Open wuzhiyang2016 opened 4 years ago
Hi,
As you can see in the method merge_quantize_weights(), the parameters are quantized. So both parameters and activations are quantized.
But both effects parameter quantization and activation quantization are removed from backward (only from backward) by that line: y.data.copy_(yq.data). The forward still has the effects of quantization because the contents of yq is coped to y and is given the next layer.
This is because the all operations that was done to produce yq is skipped from the graph (used for backward) by that one line of operation. But teh contents of yq itself is stored and propagated to next layer because it is copied inside y.
During backward whatever operations was used to create the tensor y will replayed back to produce the gradients - because tensor y is what we are propagating to the next layer. But the content of tensor y is yq - so the next layer will use the quantized values. This is what Straight through Estimation is. It's a bit complicated.
To understand this better you can study how PyTorch stores graph operations and how it can be skipped from being used in backward.

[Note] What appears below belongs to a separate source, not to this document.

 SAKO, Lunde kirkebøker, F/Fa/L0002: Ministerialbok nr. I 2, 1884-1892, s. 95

yes, the operation of merge_quantizeweights() is out of calculate graph, It has no effect on the gradient of model parameters,,,assume a situation like this: last layer's output y, the current layer is a conv layer, only have weights but no bias, if we don't do **y.data.copy(yq.data)** , this conv layer' weight gradient is y instead of yq, it's wrong, so we correct the weight's gradient by do y.data.copy_(yq.data).

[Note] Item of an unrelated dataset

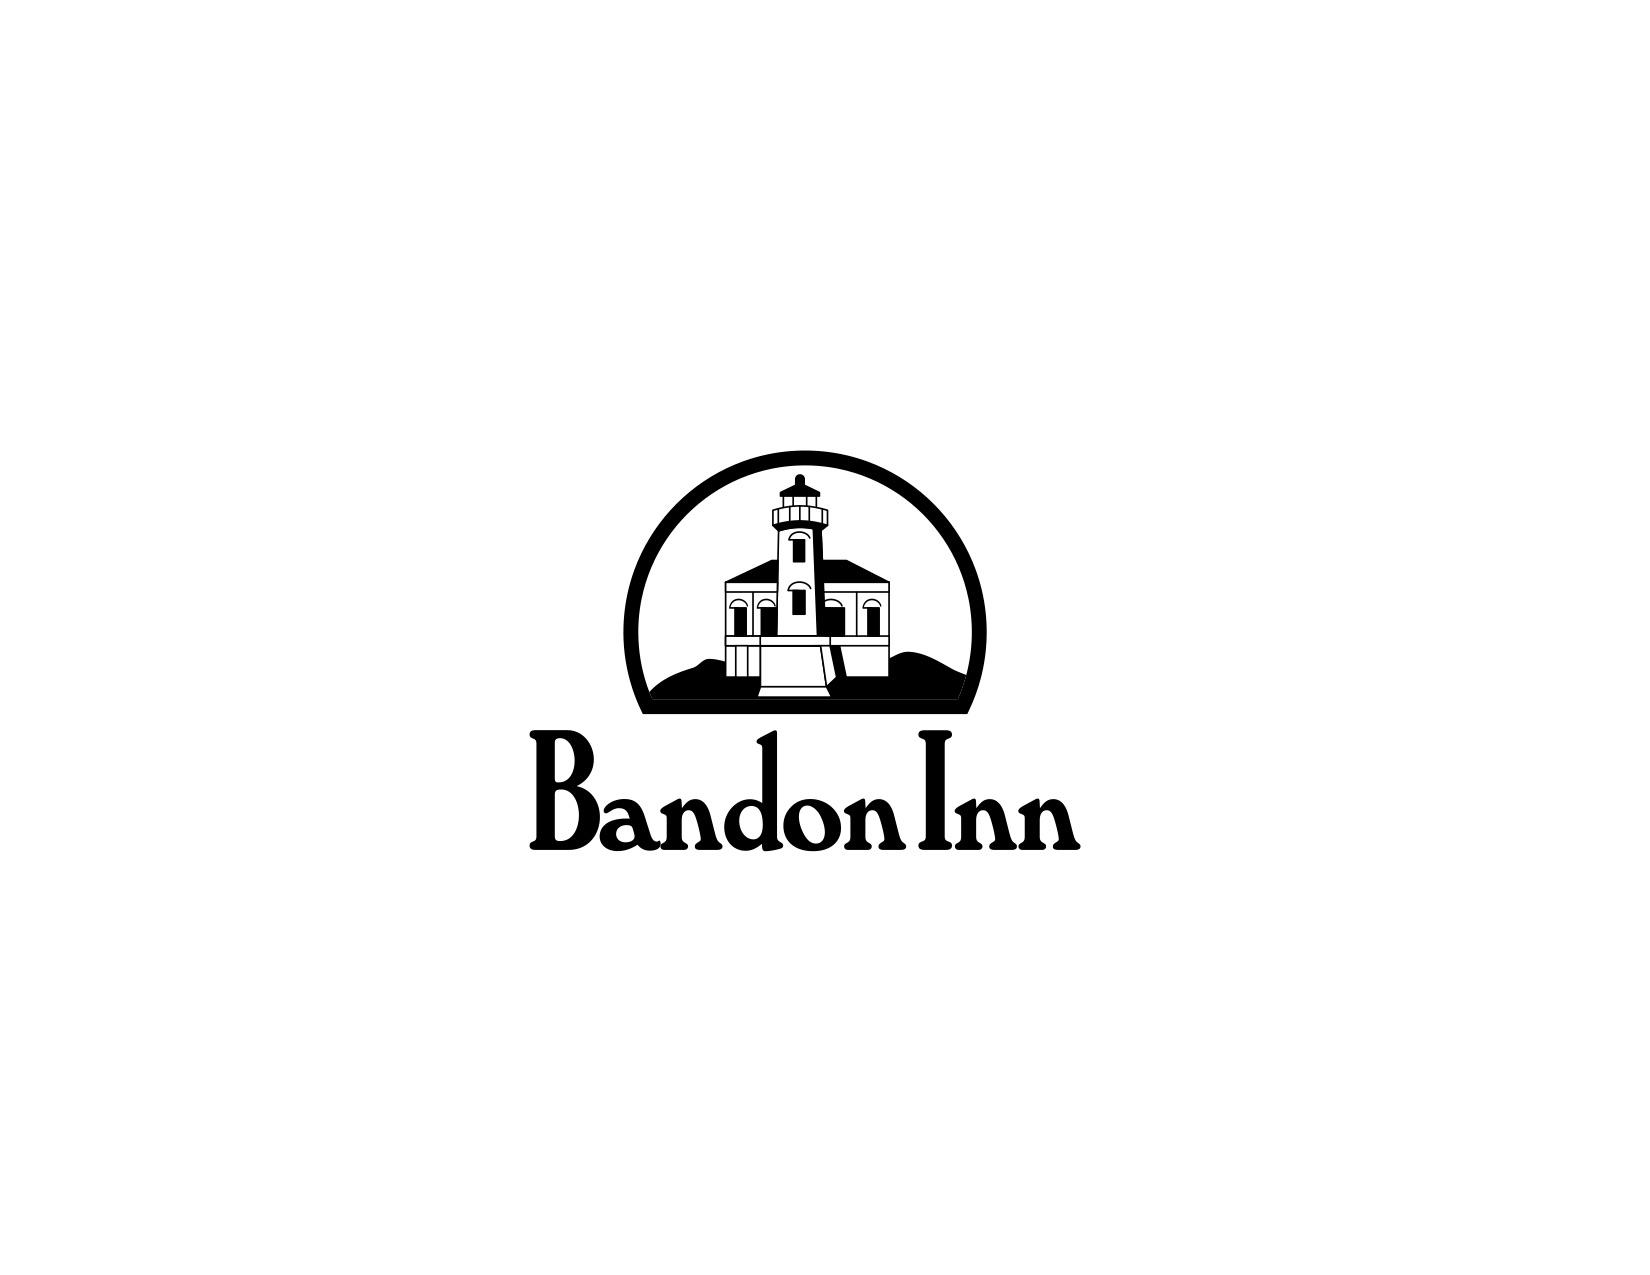 Bandon Inn LOGO jpg.jpg

but this correction of weight's gradient is just about activation quantize loss produced. the loss of quantization params should generate an additional loss, we should correct the conv layer's w to wq, as you can see in the google's paper: Quantizing deep convolutional networks for efficient inference: A whitepaper formula (16),
Interesting discussion. Lets continue. You said: we should correct the conv layer's w to wq
I think it is clear that the weights used in forward in this code is quantized, as I pointed out merge_quantize_weights. There is no doubt about that.

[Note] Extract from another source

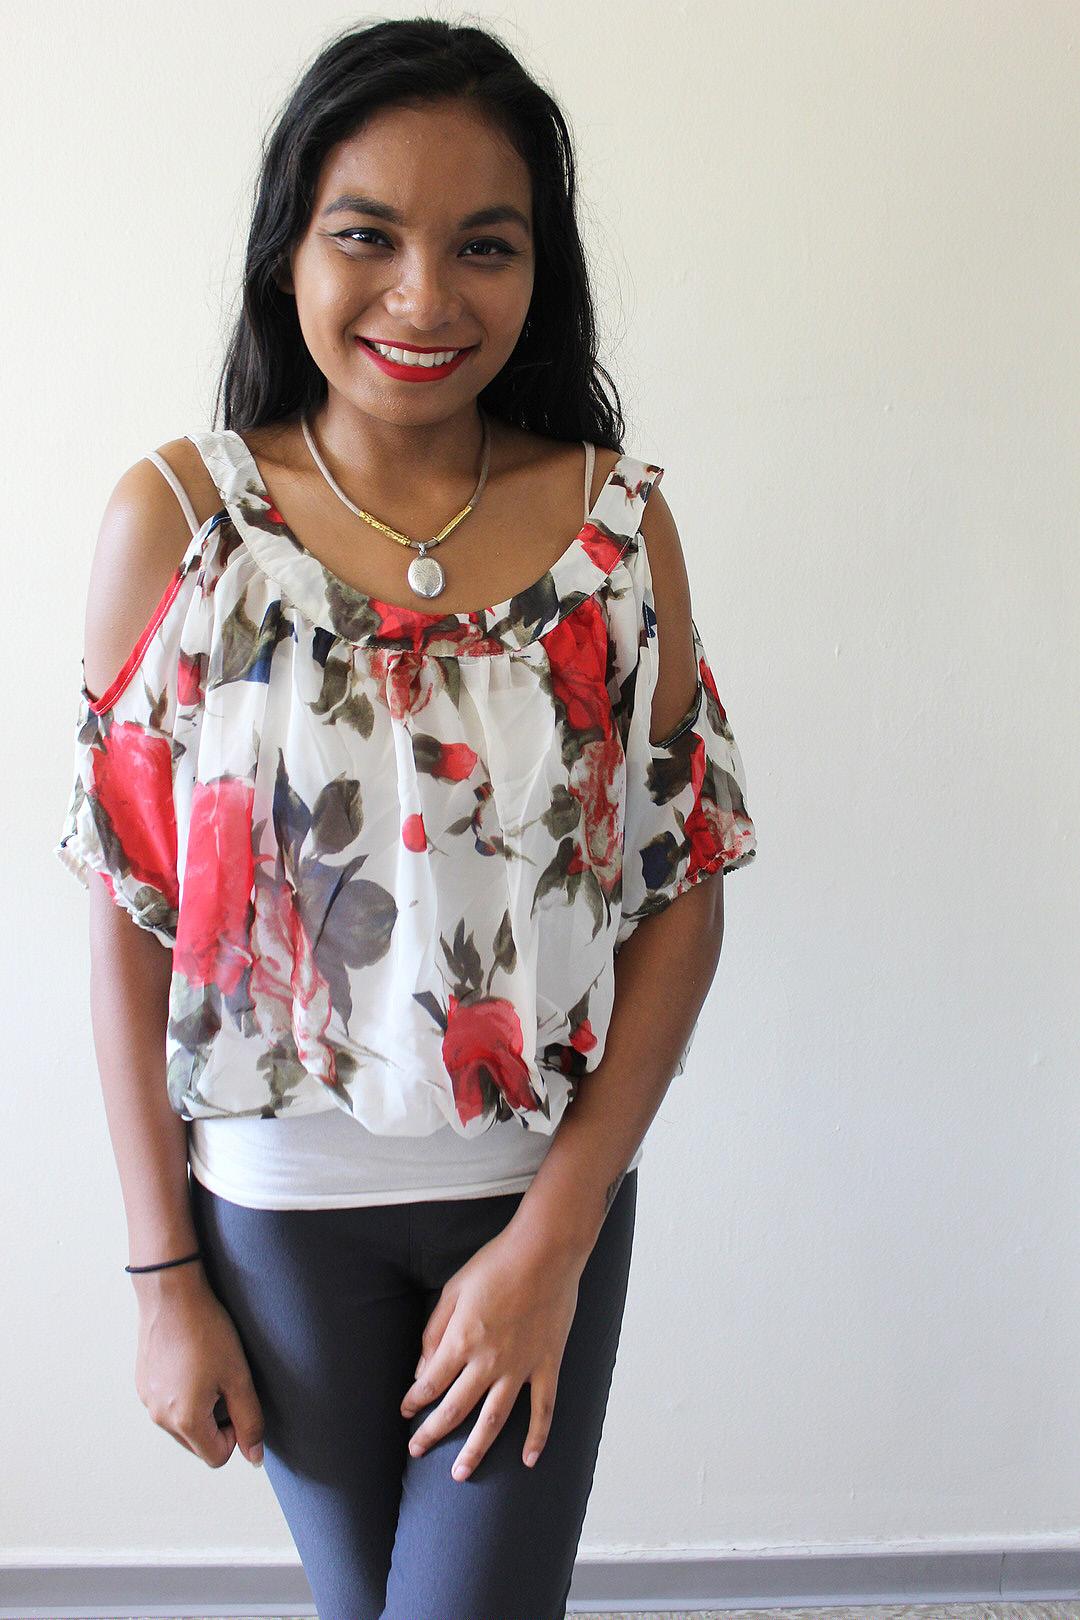 Floral-Shirt-Rosegal-Fall-Style-Blogger-LINDATENCHITRAN-1-1616x1080

I think what you are saying is that the weights that is given out of this code for inference (for example exported via onnx file) should also be quantized. Is my understanding correct?
Let me write it step by step and you tell me which step do you thing there should be a modification:
i am very glad to hear from you~ what i mean is when calculate gradient, we should use wq instead of w. i just check the code of merge_quantize_weights() function , we use the function by conv, weight, bias = self.merge_quantize_weights(qparams, conv, bn) then, fq is calculated by weight and bias. it's what you said: "I think it is clear that the weights used in forward in this code is quantized" ?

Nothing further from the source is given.